Your main analysis might want to model individual RTs using predictors including
age, handedness or some personality variable. Thus, you probably want data which
look something like this:
```{r, include=F}
set.seed(1234)
df <- data_frame(person=c(1,1,1,1,2,2,2,2),
trial = c(c(1:3, "..."), c(1:3, "...")), condition = c(rep("A",4), rep("B",4)),
female=c(rep(T, 4), rep(F, 4)), left.handed=c(rep(F, 4), rep(F, 4)),
age = c(rep(19, 4), rep(24, 4)), extraversion = c(rep(50, 4), rep(34, 4))) %>%
mutate(RT = rnorm(n(), 300,40))
```
```{r}
df %>%
pander()
```
#### The raw data {-}
In this example, we could imagine our raw data files looking like this:
```{r, include=F}
rts <- df %>%
select(person, trial, RT)
demographics <- df %>%
group_by(person) %>%
summarise_at(funs(first), .vars=vars(age, left.handed, female)) %>%
bind_rows(., data_frame(person=3, age=33, left.handed=T, female=F))
personality <- df %>%
group_by(person) %>%
summarise_at(funs(first), .vars=vars(extraversion)) %>%
bind_rows(., data_frame(person=3, extraversion=47))
```
```{r}
rts %>%
pander()
```
```{r}
demographics %>%
pander()
```
And:
```{r}
personality %>%
pander()
```
#### Joining the parts {-}
To create the combined data file we want, we have to _join_ the different files
together.
As you might have noticed, though, the RT's file has many observations per
participant, whereas the demographics and personality data has one row per
person.
What we need is to smush this wide format data into the RTs file, such that
values get repeated for every row of each participants' data.

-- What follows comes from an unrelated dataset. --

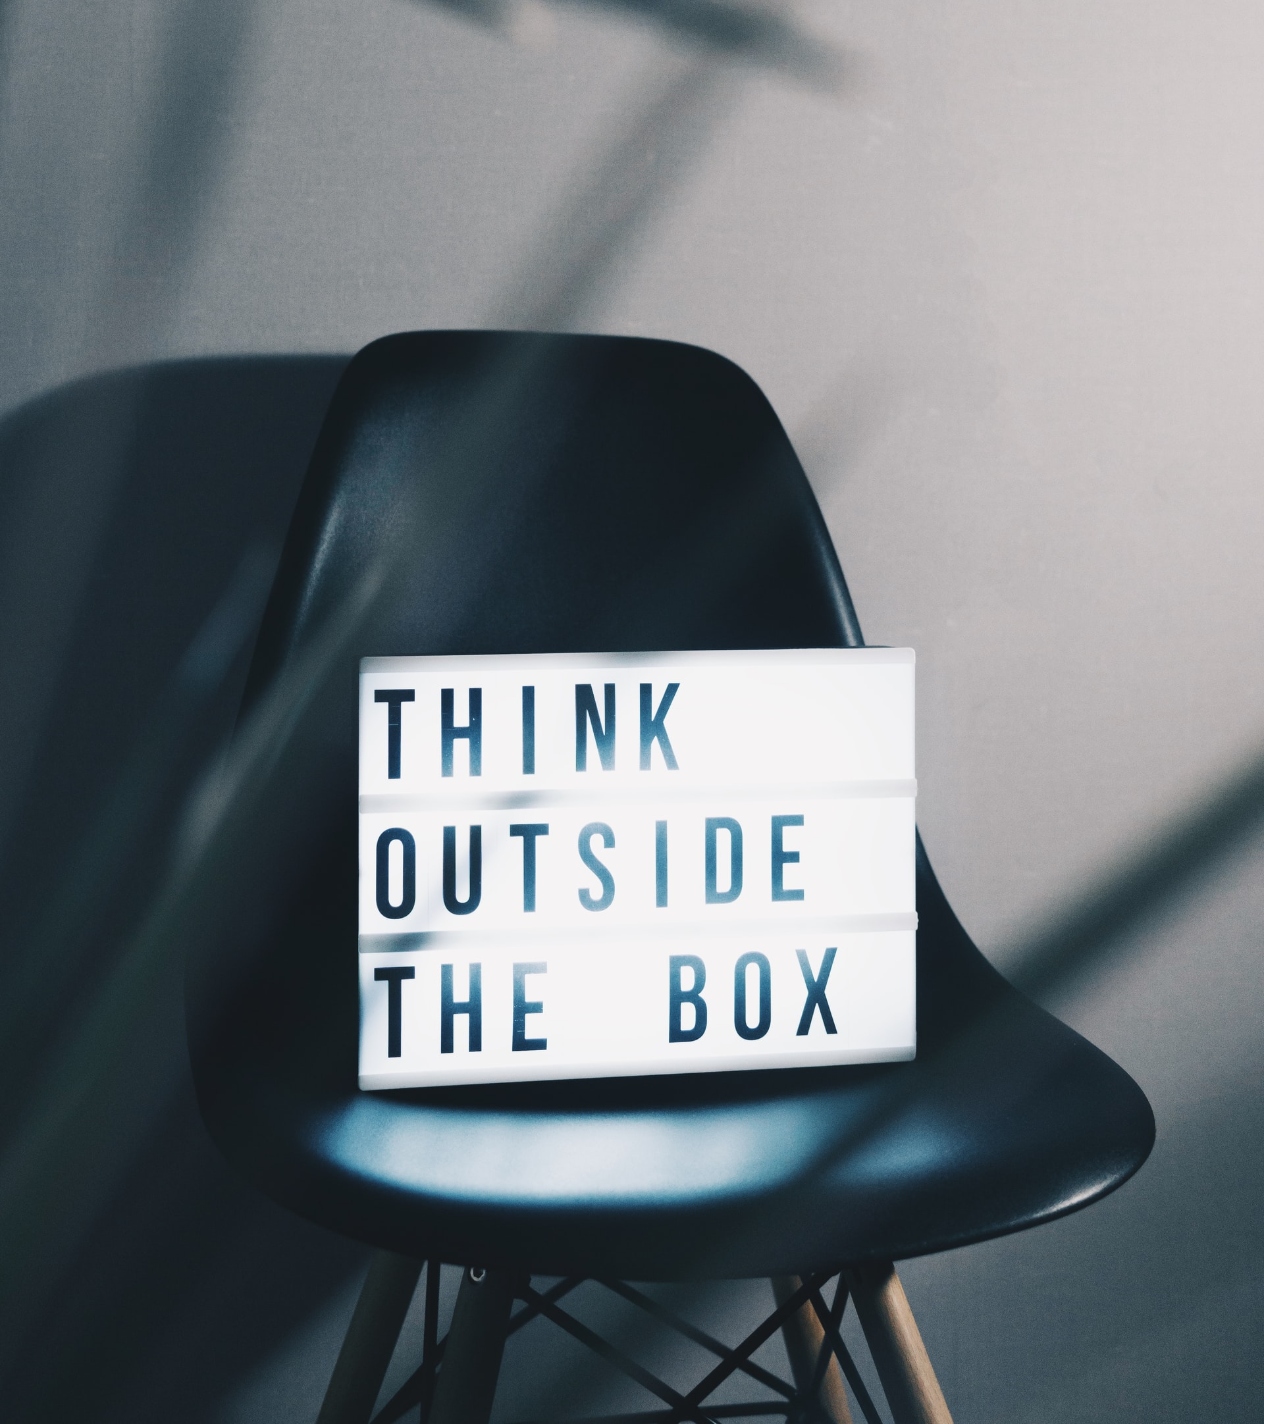 I en sort stol står der en lysende boks med teksten "Think outside the box"
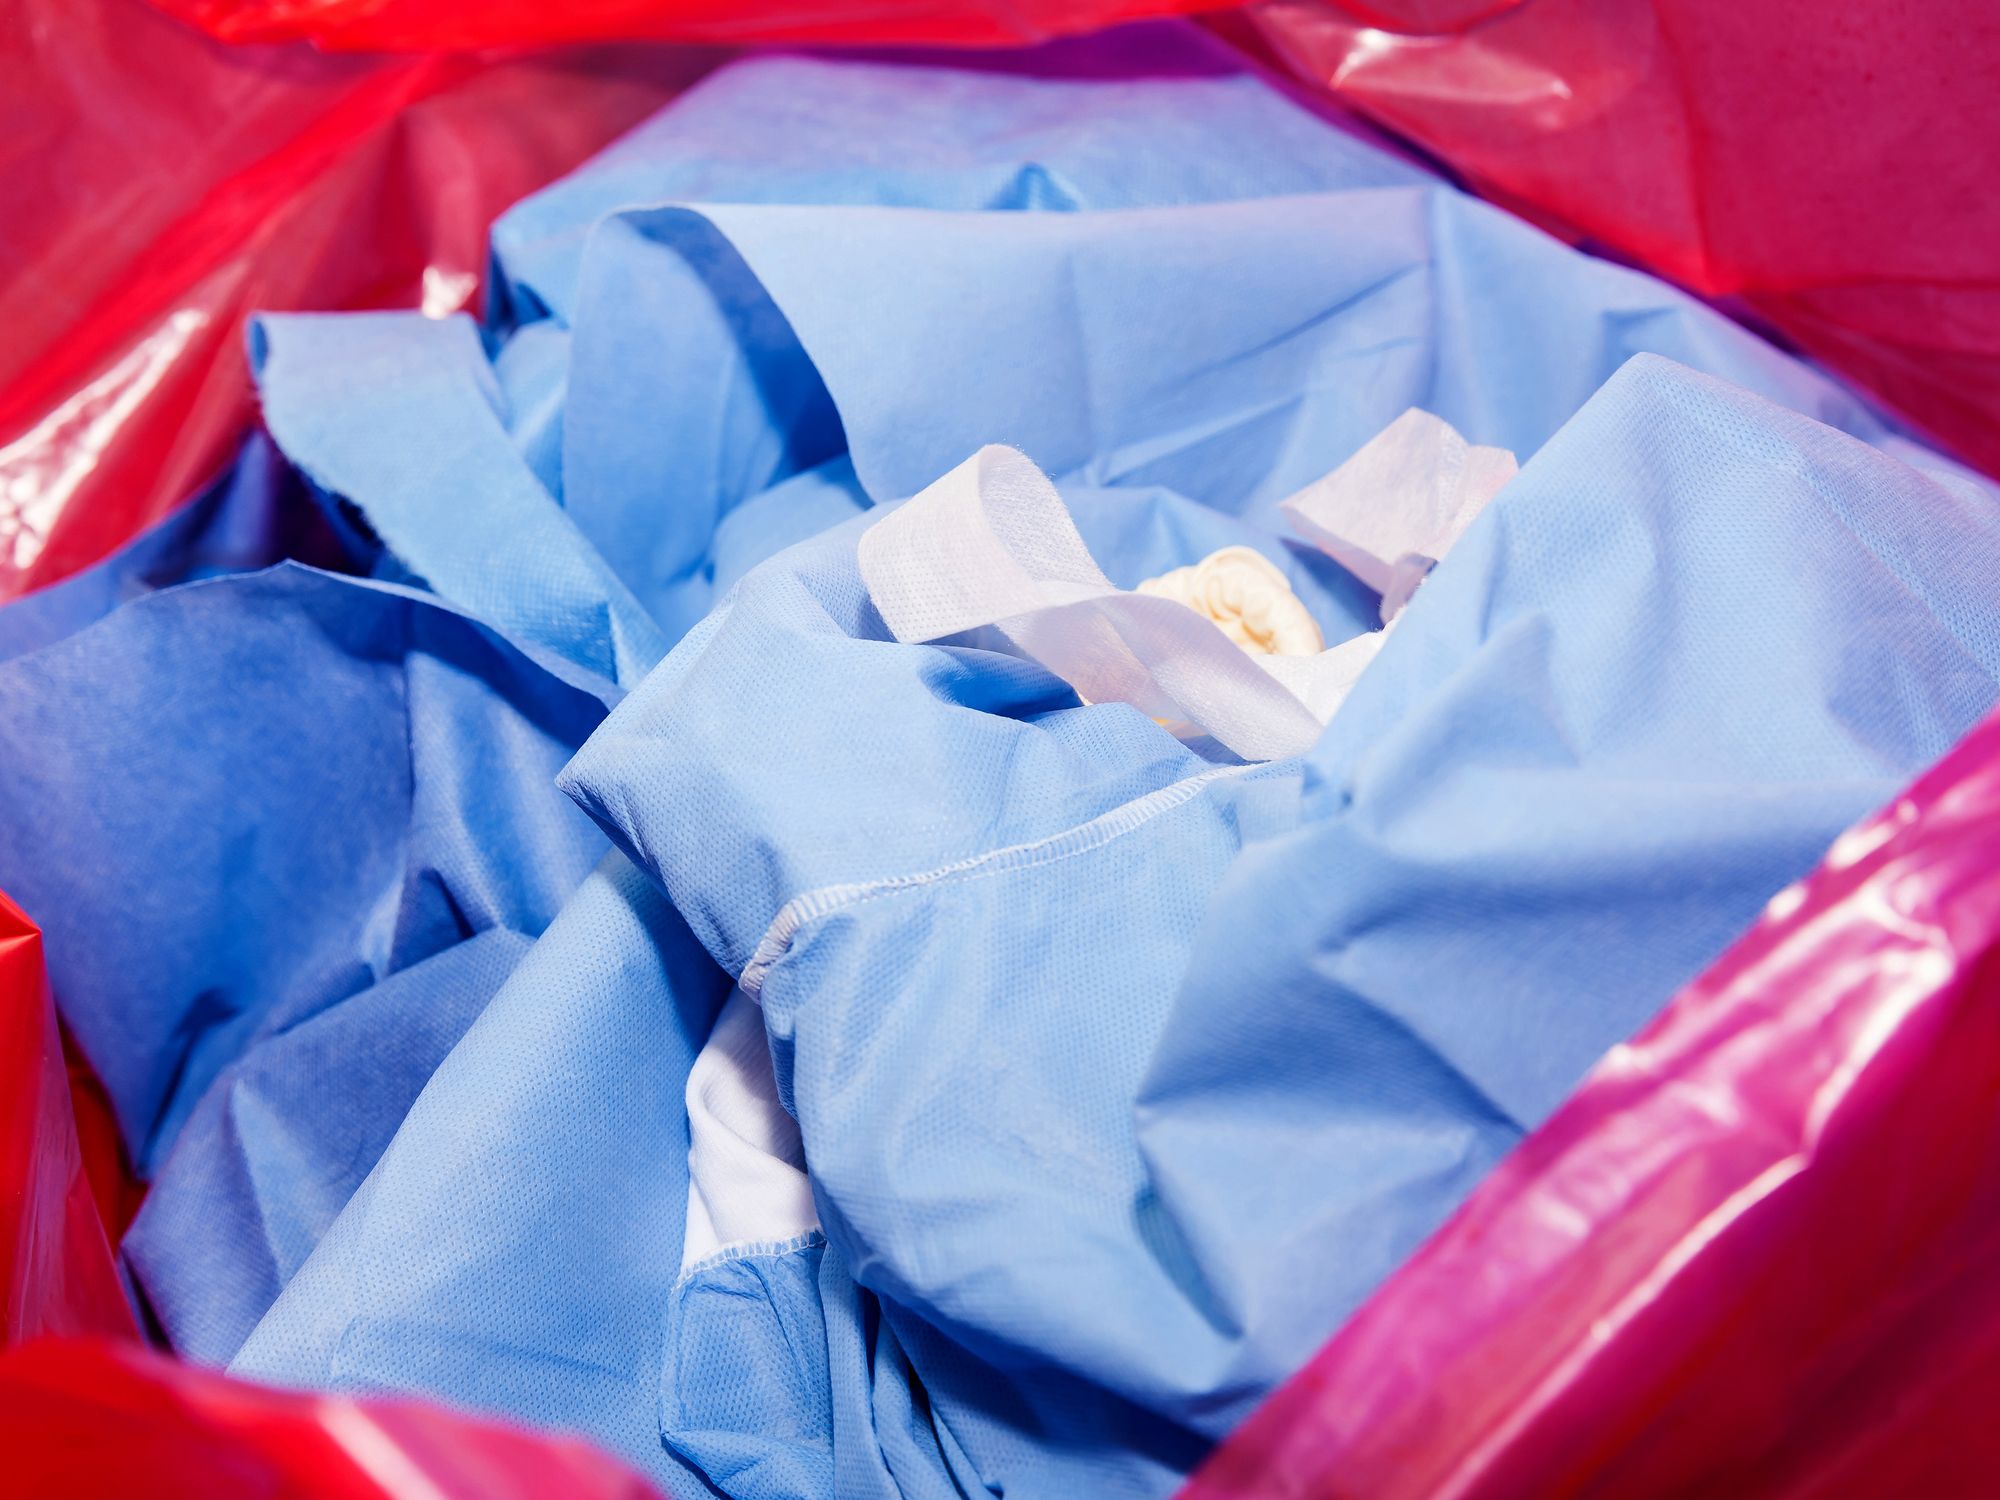 Contaminated laundry practices

To do this, the simplest method is to use the `dplyr::left_join()` function:
```{r}
left_join(rts, demographics, by="person") %>%
pander
```
In this example I explicitly set `id="person"` to let R know which variable to
use to match the rows of data, although you don't _have_ to, and `dplyr` can
normally guess. You _do_ have to use the same variable name in both files though
(so, `person` and `participant` couldn't be matched, for example).
##### Other types of joins {- .tip}
As the dplyr manual states: left joins return for two dataframes, x and y will
return all rows from x, and all columns from both x and y. Rows in x with no
match in y will have NA values in the new columns. If there are multiple matches
between x and y, all combinations of the matches are returned.
Left joins are probably the most useful, but there are other types which can be
useful. To see all of them look at the help files (`help('join', 'dplyr')`).
To show one common example, if we wanted to check whether we were missing RT
data for one of our participants, we could use an `anti_join`:
```{r}
anti_join(demographics, rts, by="person") %>%
pander
```
This table lists the data for _all the people in the demographics file, for whom
we don't have RT data_. This can be a useful way of checking you haven't mislaid
a raw datafile (e.g. forgot to copy it from the lab machine!).